Jörg Steinbach (links) und Jochen Becker (rechts) gratulieren dem künftigen LPR-Direktor Prof. Dr. Murad Erdemir zur Wahl - Foto: LPR
Bei der Hessischen
Landesanstalt für den privaten Rundfunk und neue Medien (LPR) in Kassel wird mit dem Jahreswechsel 2022/23 auch ein Wechsel im Amt des Direktors über die Bühne gehen. Auf der Sitzung der LPR-Versammlung vom 4. Juli 2022 ist
Prof. Dr. Murad Erdemir zum neuen Direktor gewählt worden. Der 55-jährige Jurist folgt auf
Jochen Becker, der Ende 2022 in den Ruhestand geht. Gemäß der gesetzlichen Bestimmungen ist die Stelle des LPR-Direktors unbefristet. Sie war zuvor bundesweit ausgeschrieben worden.

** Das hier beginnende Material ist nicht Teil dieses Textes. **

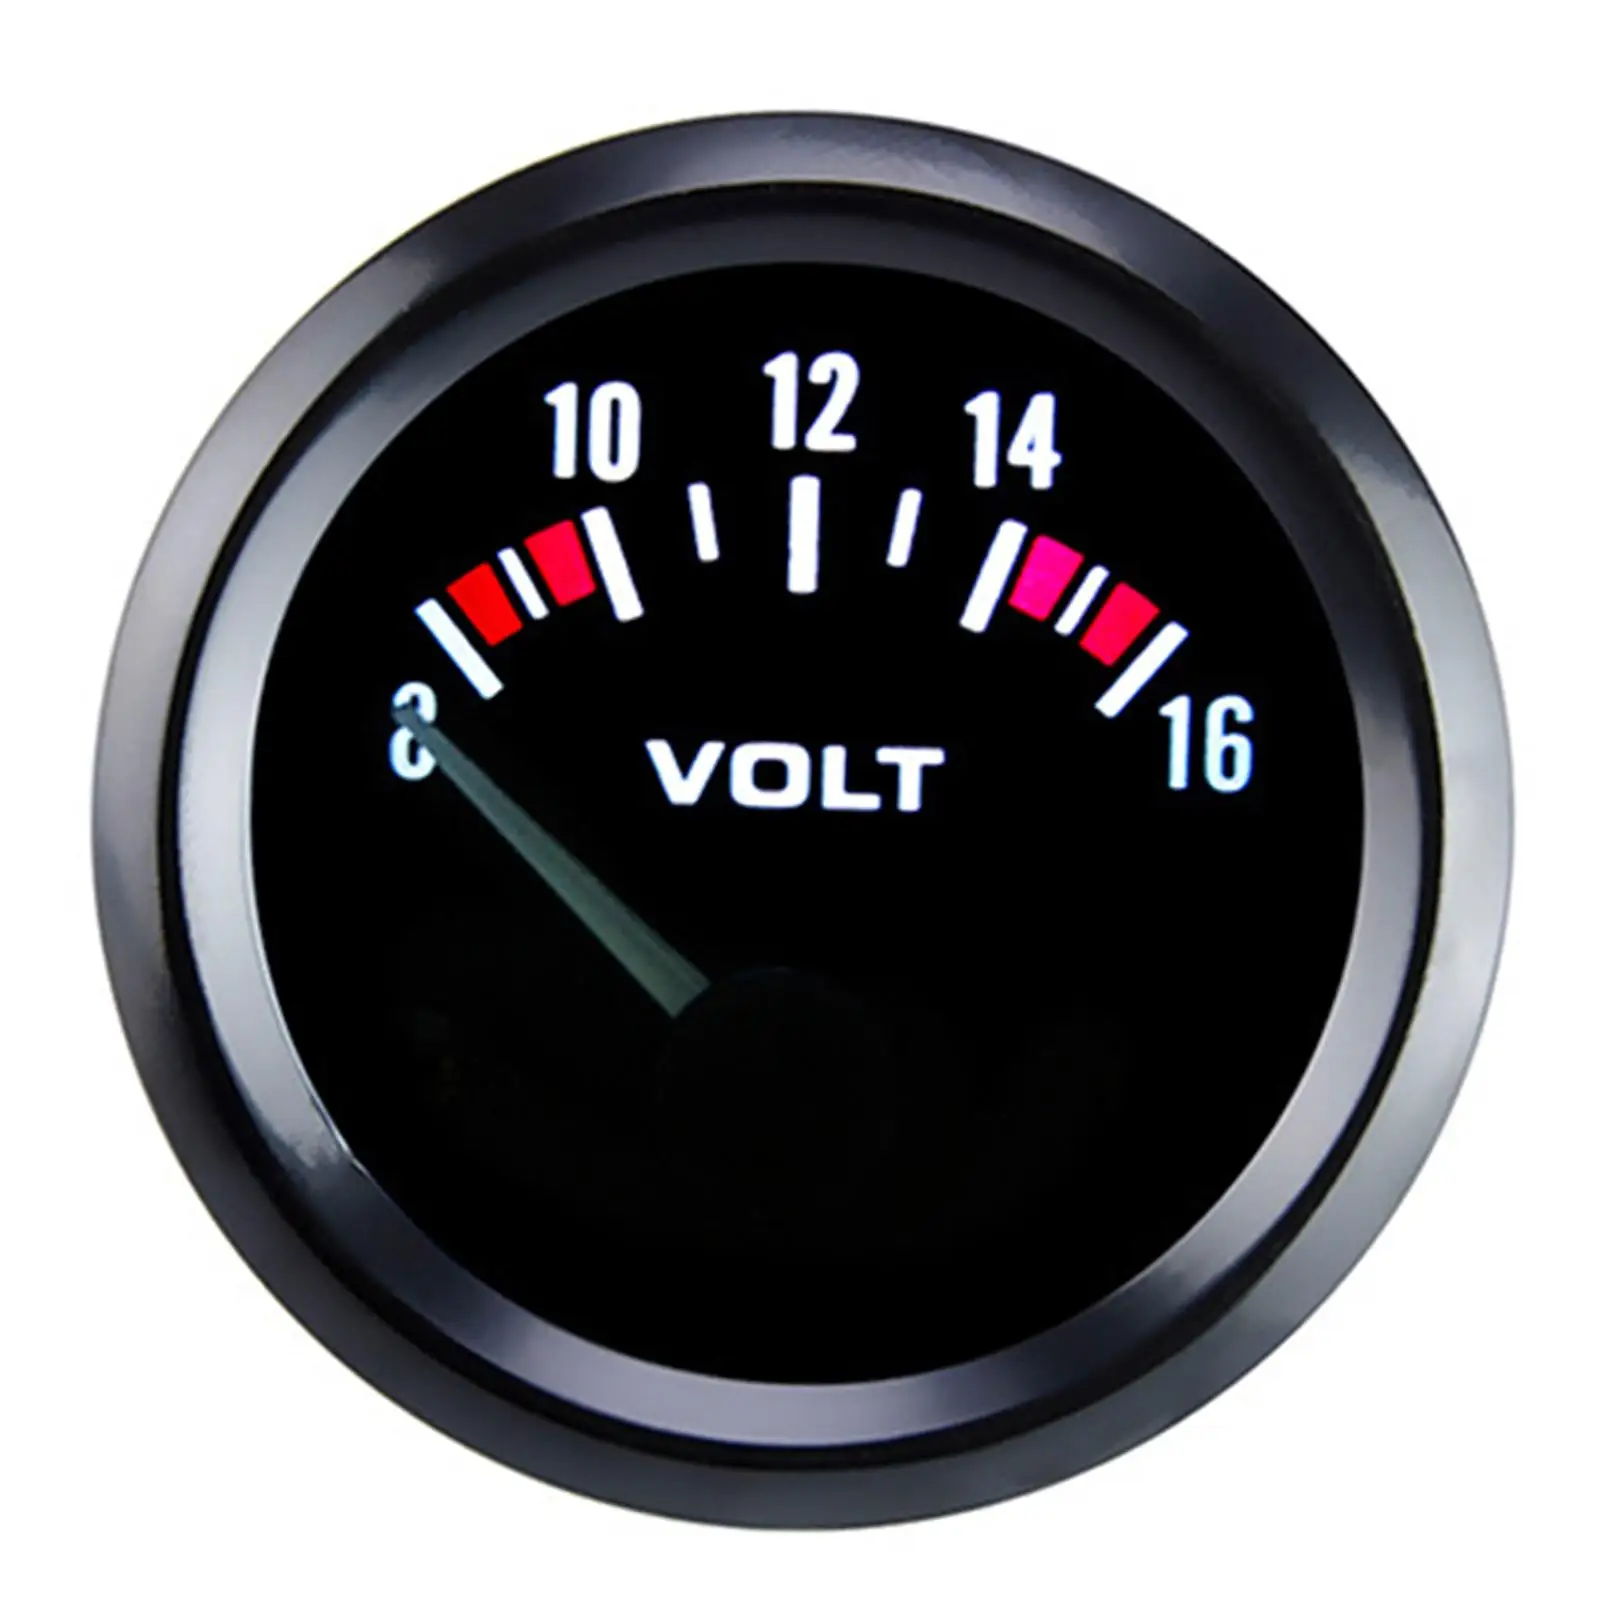 Car Voltmeter Auto Parts Volt Meter Gauges for Bicycle Auto Vehicle
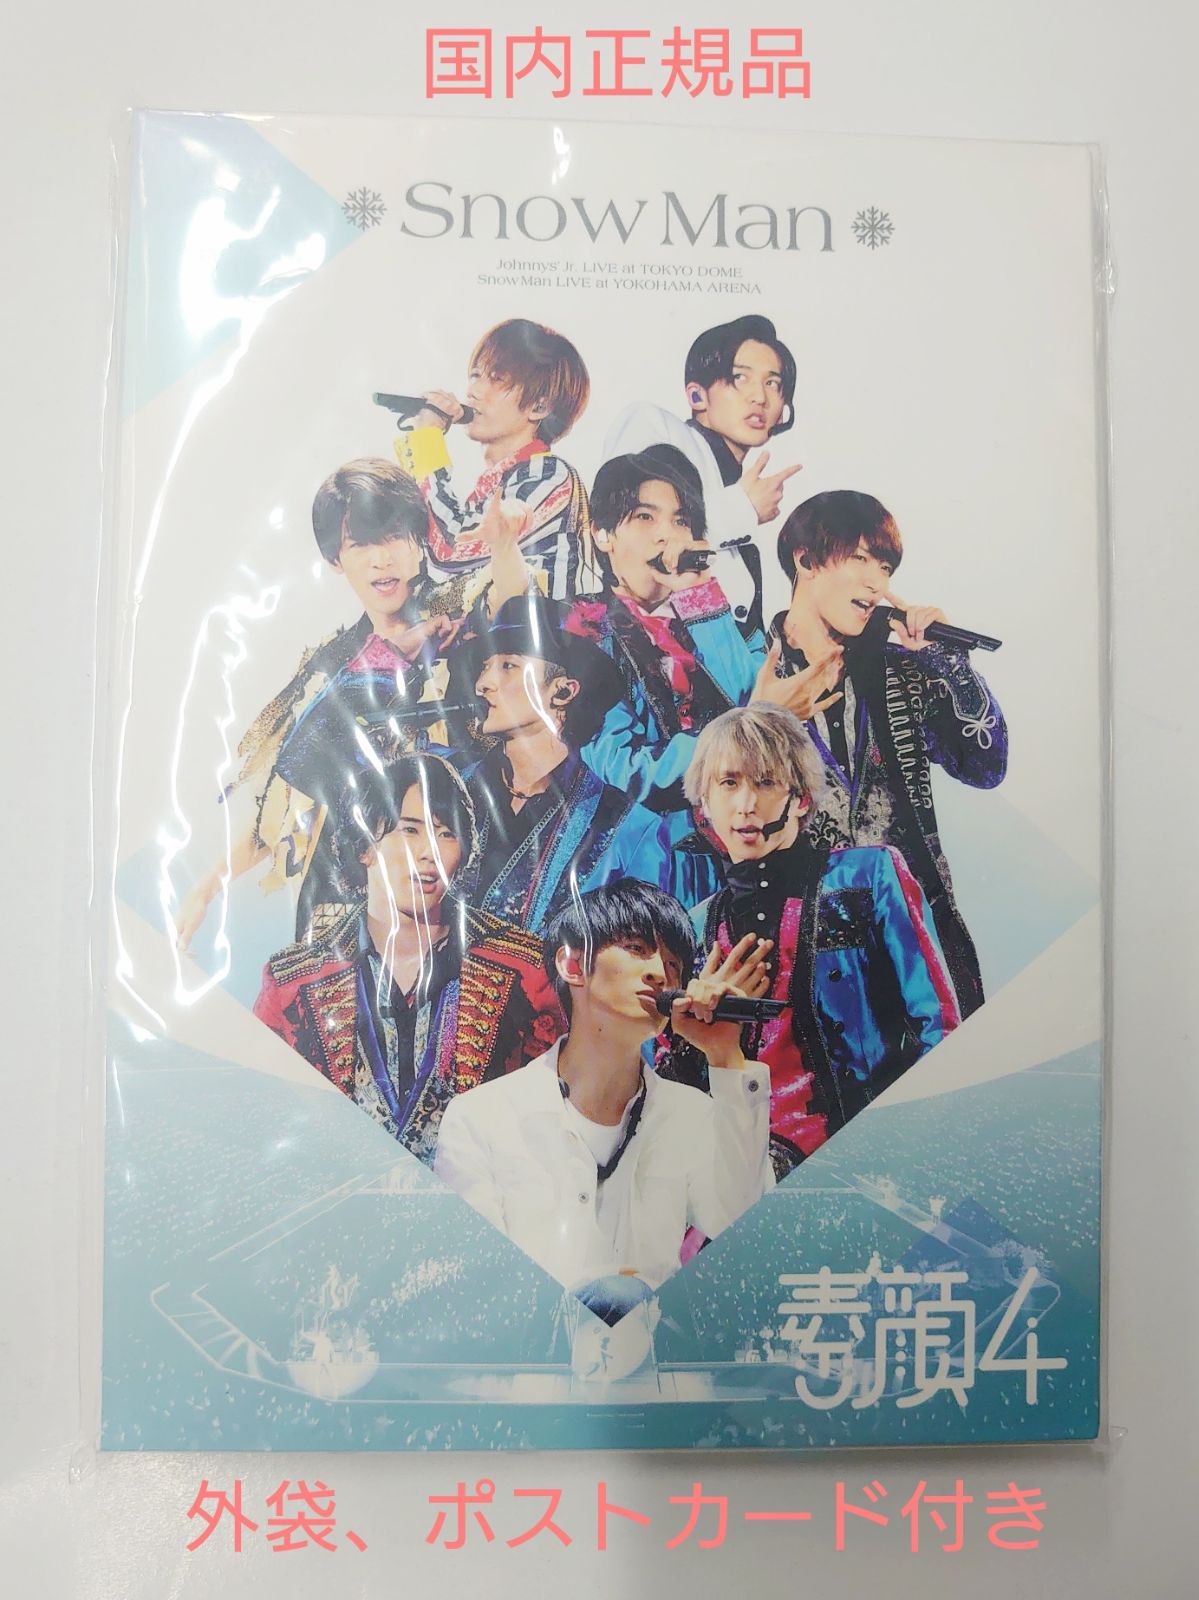 素顔4 SnowMan盤 (外袋、ポストカード付き) - メルカリ

Der gebürtige Frankfurter gehört der Medienanstalt Hessen seit 1999 an und war dabei seit 2001 als Justiziar und seit 2014 zudem als stellvertretender Direktor tätig. Überdies hat der promovierte Jurist seit 2013 eine Honorarprofessur für Medienrecht an der Georg-August-Universität Göttingen inne. Im Rahmen seiner Tätigkeit für die Medienanstalt Hessen hat Prof. Dr. Erdemir u. a. einen besonderen Schwerpunkt auf das Zusammenspiel des präventiven mit dem gesetzlichen Jugendmedienschutz gelegt.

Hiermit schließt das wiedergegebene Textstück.